As with storage location specifiers, the macro tag should contain a name followed by an optional argument list (with a colon in between). Different macros expect different numbers of arguments and different argument formats. The enum macro, for example, takes a list of strings that will be the only acceptable contents for the element being defined. Let's add a new subscription element to the User Def, indicating what level of service a user has paid for. (This time, we won't re-produce the whole Def, just the new element.)

<element>
  <name>subscription</name>
  <macro>enum: 'basic', 'premium', 'lifetime'</macro>
</element>

There are only four possible values for the content of the subscription element: undef, basic, premium, and lifetime. "Hmm, undef" you say, "I don't see undef in that list? Well, enum always includes undef as an implicit member of the possible-contents list. The reason for this will be clear after a little reflection: because Comma treats a content-less element as indistinguishable from an element that is not there at all, undef must be legal content for all elements. To make an empty element illegal is actually the same operation as to make it required. If we want every User Doc to include subscription information, we can define the subscription element to be required:

<element>
  <name>subscription</name>
  <macro>enum: 'basic', 'premium', 'lifetime'</macro>
</element>

<required>'subscription'</required>

More Flexibility: Perl Hooks

The required and macro facilities that we've just seen are actually implemented using a finer-grained, more flexible tool: the hook. A hook is a piece of Perl code that will, under specific circumstance, be automatically called by the Comma system. Declaring an element as required actually installs a validate_hook -- the required tag is just a short-cut, provided because the facility is so important and so commonly used. The following two pieces of a hypothetical Def are exactly equivalent:

<!-- 1) a required tag specifying two element names-->
<required>'foo', 'bar'</required>

<!-- 2) the two validate_hooks that are actually installed
when the Def is parsed, one for 'foo' and one for 'bar' -->

<validate_hook>
<![CDATA[
  sub {
    my $self = shift();
    my $req_el = \$self->elements('foo')->[0];
    die "required element 'foo' not found in " . $self->tag_up_path() . "\n" if
                    (! $req_el) or 
                    ((! $req_el->def()->is_nested()) and (! $req_el->get()));
  } 
]]>
</validate_hook>

<validate_hook>
<![CDATA[
  sub {
    my $self = shift();
    my $req_el = \$self->elements('bar')->[0];
    die "required element 'bar' not found in " . $self->tag_up_path() . "\n" if
                    (! $req_el) or 
                    ((! $req_el->def()->is_nested()) and (! $req_el->get()));
  } 
]]>
</validate_hook>

This example demonstrates the common convention for writing hooks: most hooks are subroutines that are compiled into code references when the Def is loaded by the system; they can expect to be passed certain arguments when they are invoked; they should make use of the Comma API to do whatever work they need to do; and they should return appropriate values or throw errors, depending on what is expected of them.

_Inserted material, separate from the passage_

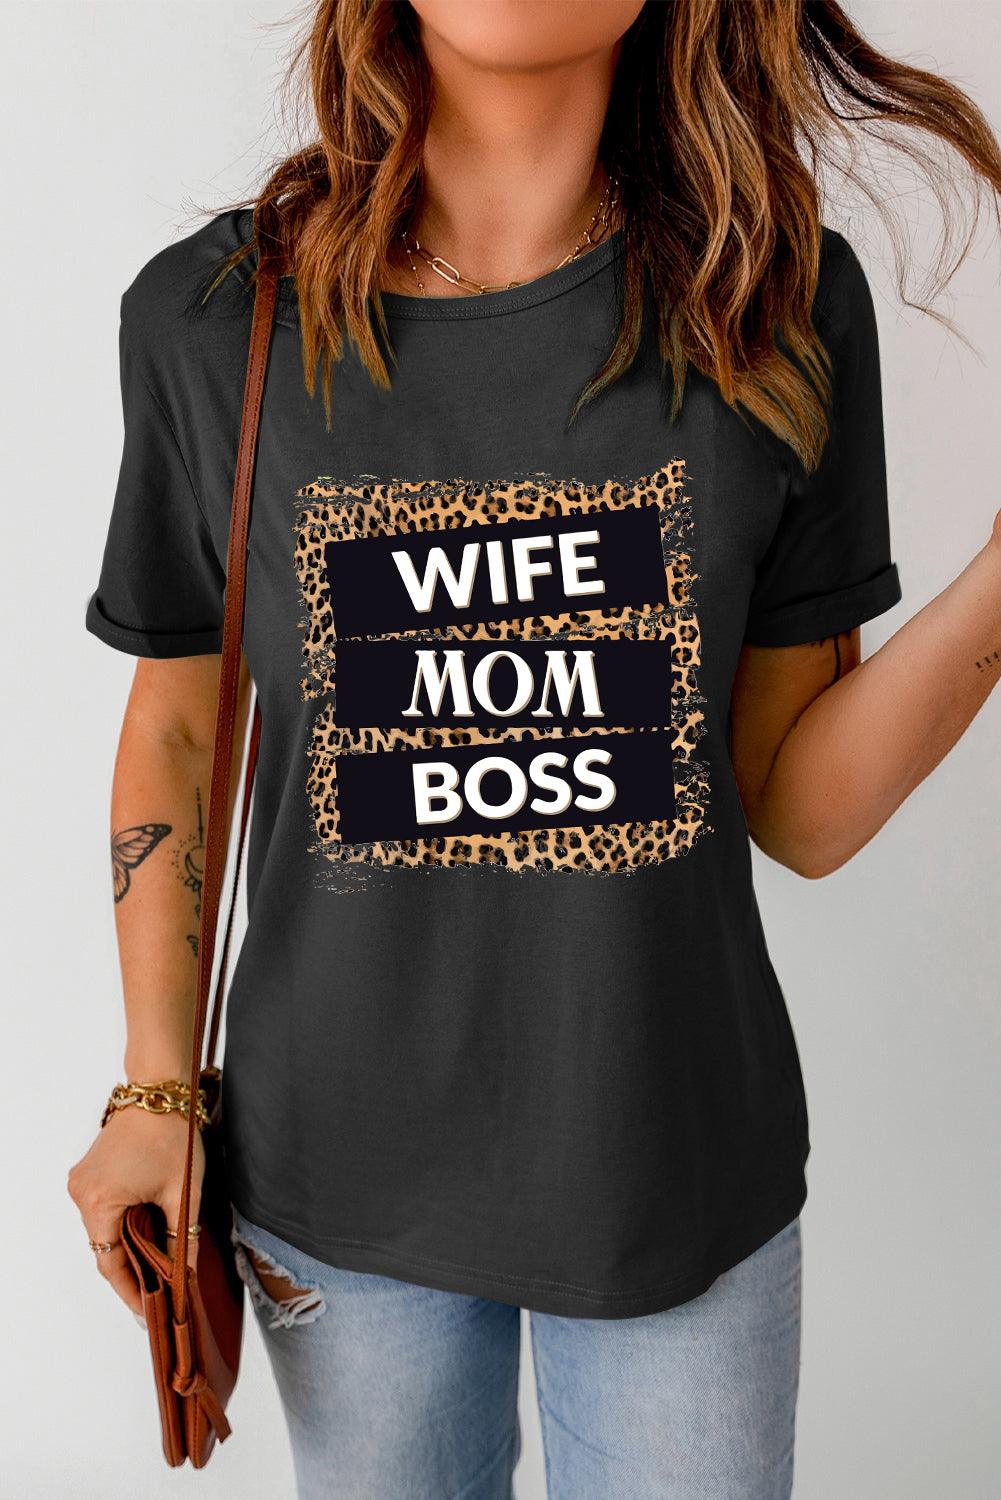 WIFE MOM BOSS Leopard Graphic Tee - BELLATRENDZ

We can go over the first of these hooks line by line. (The second hook is exactly the same, except that 'bar' is substituted for 'foo' in two places.) The first line is an opening CDATA tag. Perl snippets usually include characters that are illegal in XML -- the arrow operator is particularly common in this kind of code -- so wrapping the content in a CDATA section is a near necessity. The second line begins an anonymous subroutine declaration. The third line establishes a named variable, $self, which comes from the first argument to the sub. The next line fetches the first 'foo' element, if any, into $req_el -- the $req_el variable now holds either an element object or an undefined value. The final statement throws an error if either $req_el is not defined, or $req_el is a non-nested, empty element. (NOTE: FIXING the obvious bug here, real real soon.)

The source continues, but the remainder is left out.